Closed AGSPhoenix closed 5 years ago
users are starting to post colliding images
Did the files have the same size and pixel dimensions too?
In every case I've seen, yes. I'm not sure if that's an inherent property of the collision-generating techniques, but in both the post I linked and this collision, they were the same. (Edit: Forgot to mention, these two images were archived correctly because they are on different boards, and asagi only dedupes within a board.)
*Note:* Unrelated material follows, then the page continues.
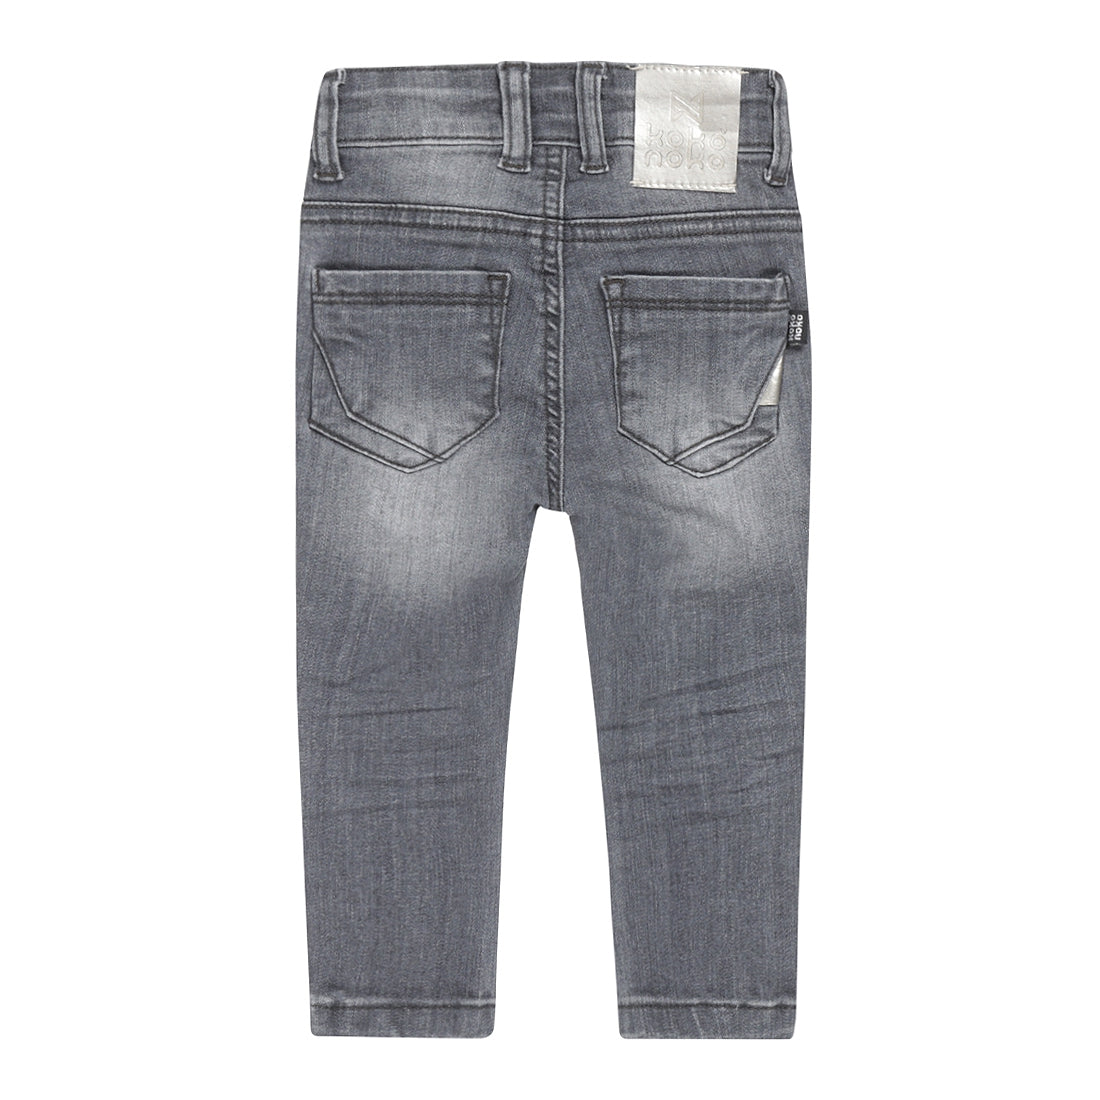 Meisjes Jeans skinny van Koko Noko in de kleur Grey jeans in maat 128.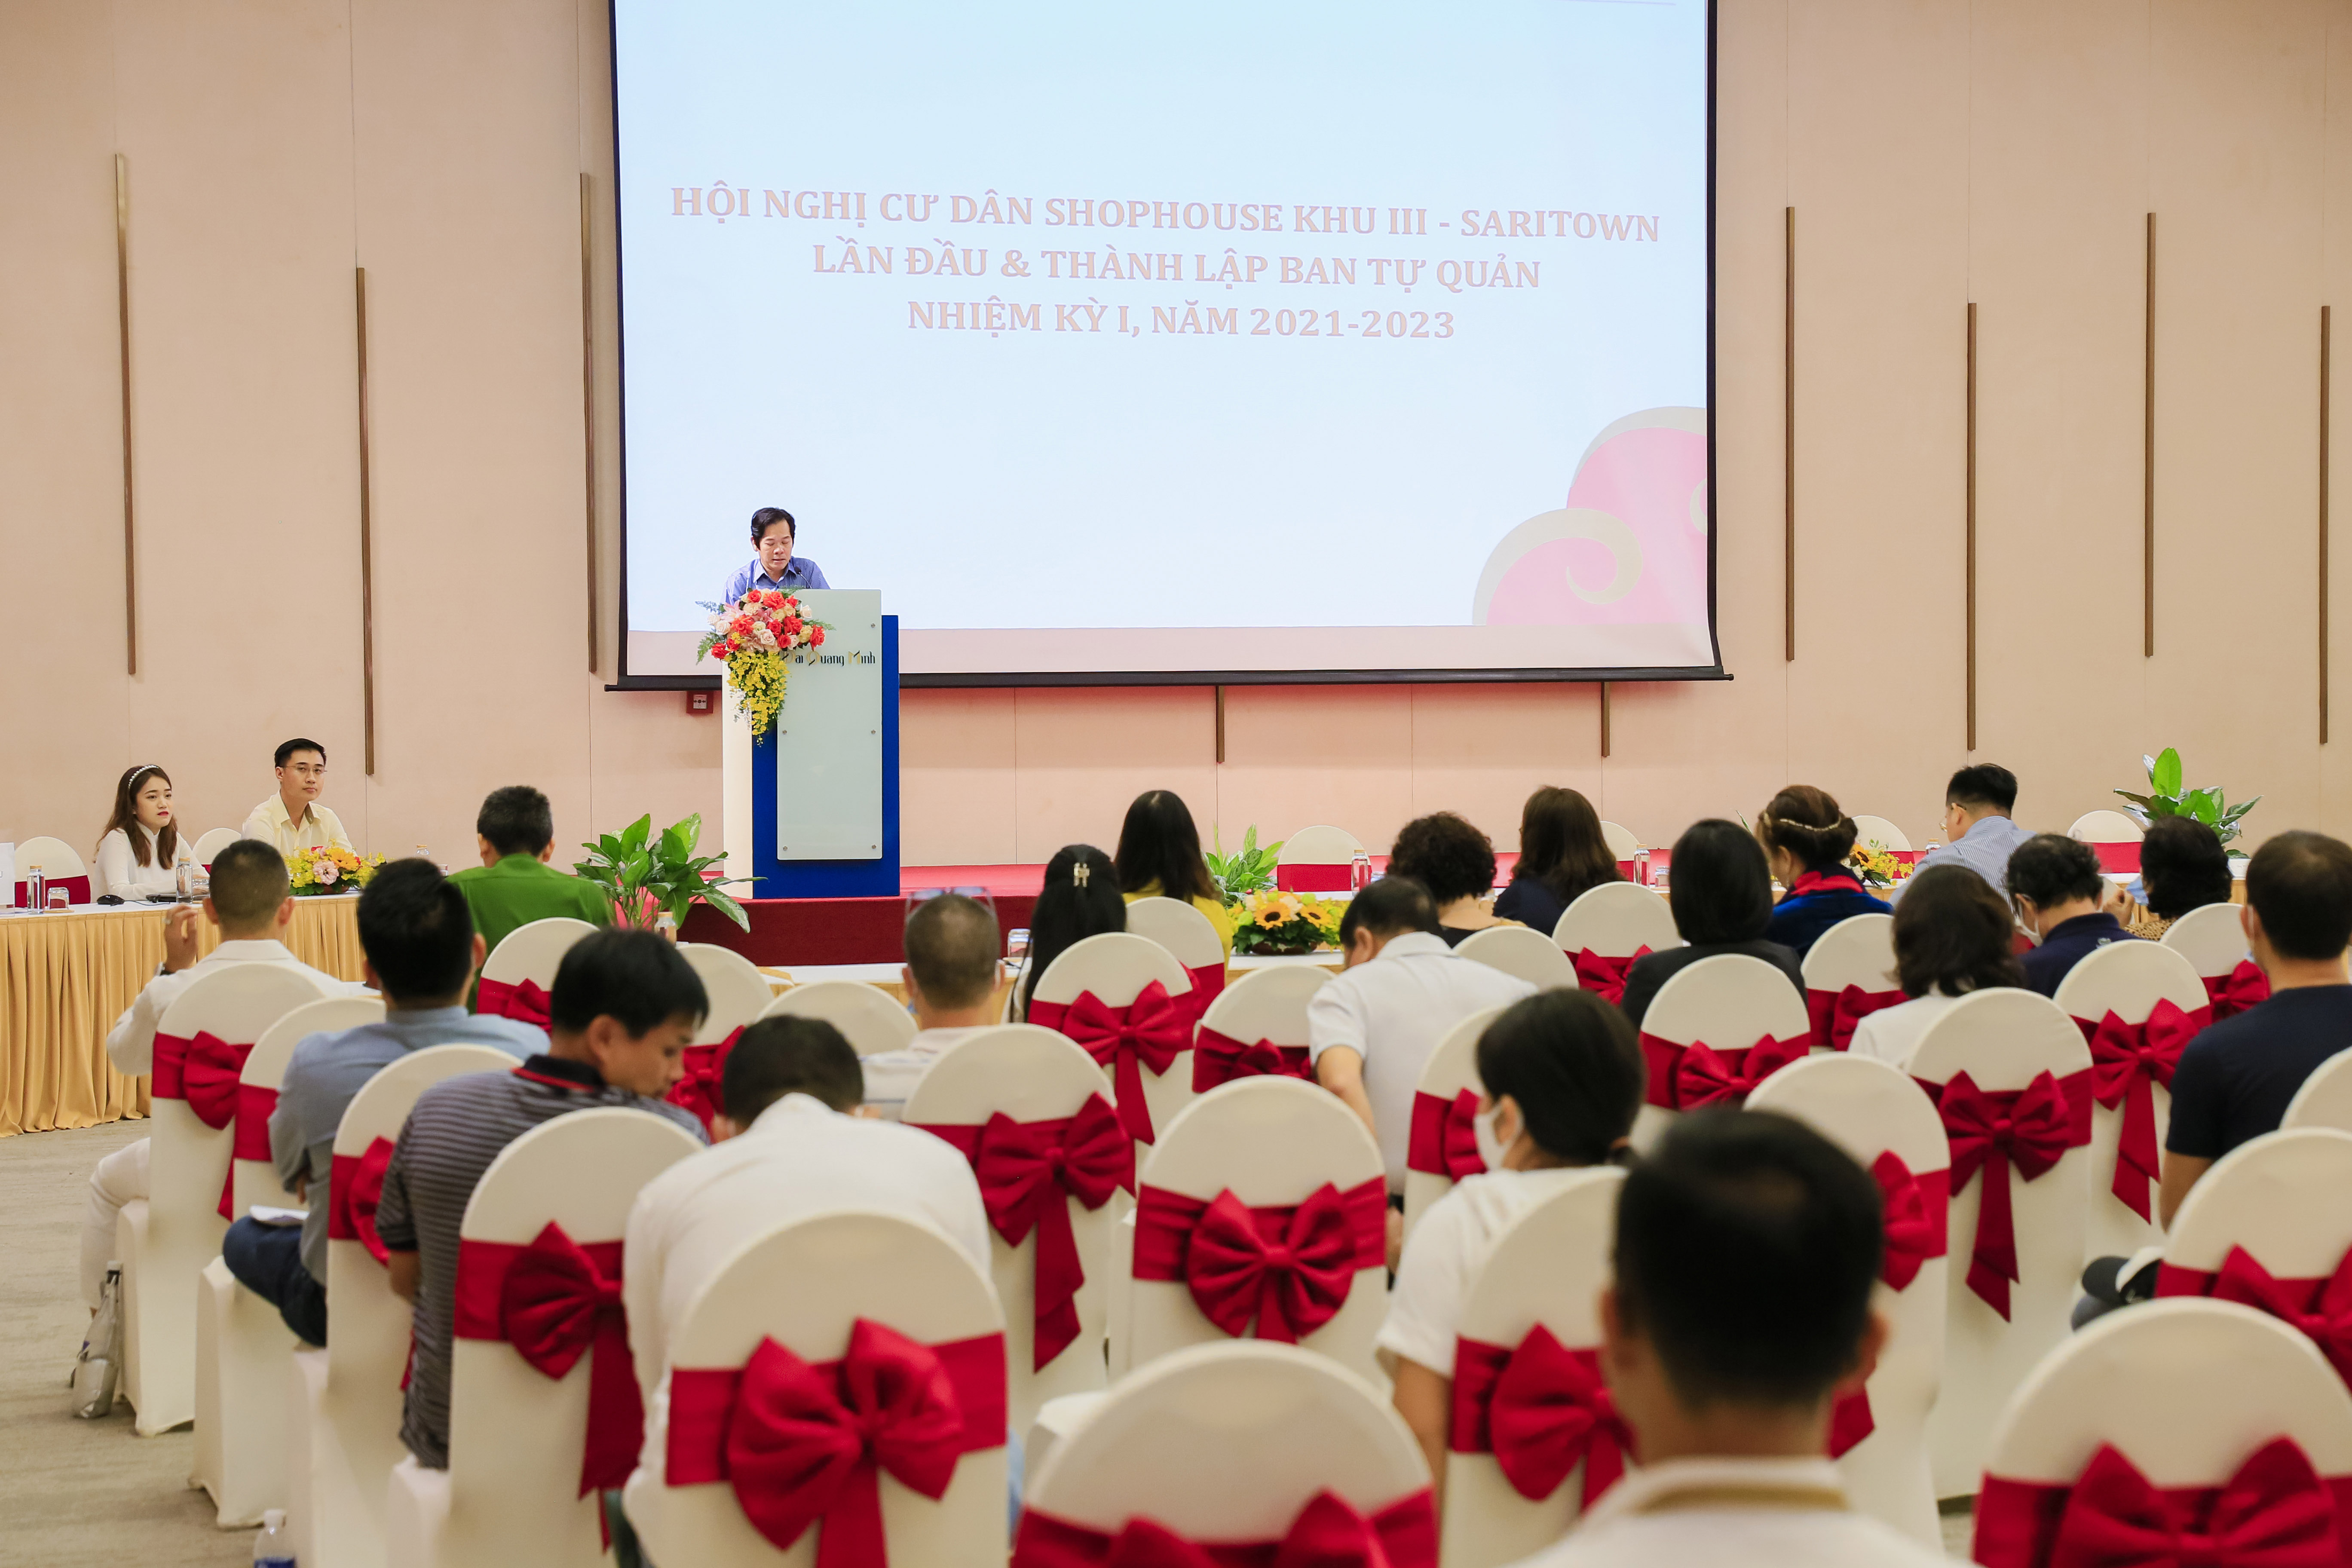 Ông Nguyễn Hoàng Tuệ – Phó Tổng Giám đốc Thường trực Công ty Đại Quang Minh phát biểu khai mạc Hội nghị.

If you'd like to examine the original files for the first post, they're available here: https://www.rogdham.net/2017/03/12/gif-md5-hashquine.en
This is not something that occurs naturally often enough to be an issue. Double checking the size and dimensions should be enough to detect accidental collisions.
For now, having sha256 would be a 'nice to have'. As long as the MD5 collision attacks require specially crafting both images, it would take a lot of autism to exploit just to keep one image from being archived.
sha256 hashes would also provide us with some other media storage benefits I haven't gone into, but if it's not something you want to add lightly, go ahead and close the issue; it won't be a major blow for us.
Alrighty, I'll be closing this. It's unfortunately not something we can realistically add just because of archives. At least not for now.
MD5 collision attacks are easy enough nowadays that users are starting to post colliding images, and the archives are just reusing the image posted first. There's no good way to prevent this on the archiver side; downloading every image and computing the hash ourselves would be an enormous waste of resources, perceptual hashing of the thumbnails would be complicated and error prone.
If the API provided a SHA256 hash, checking that would basically eliminate this problem.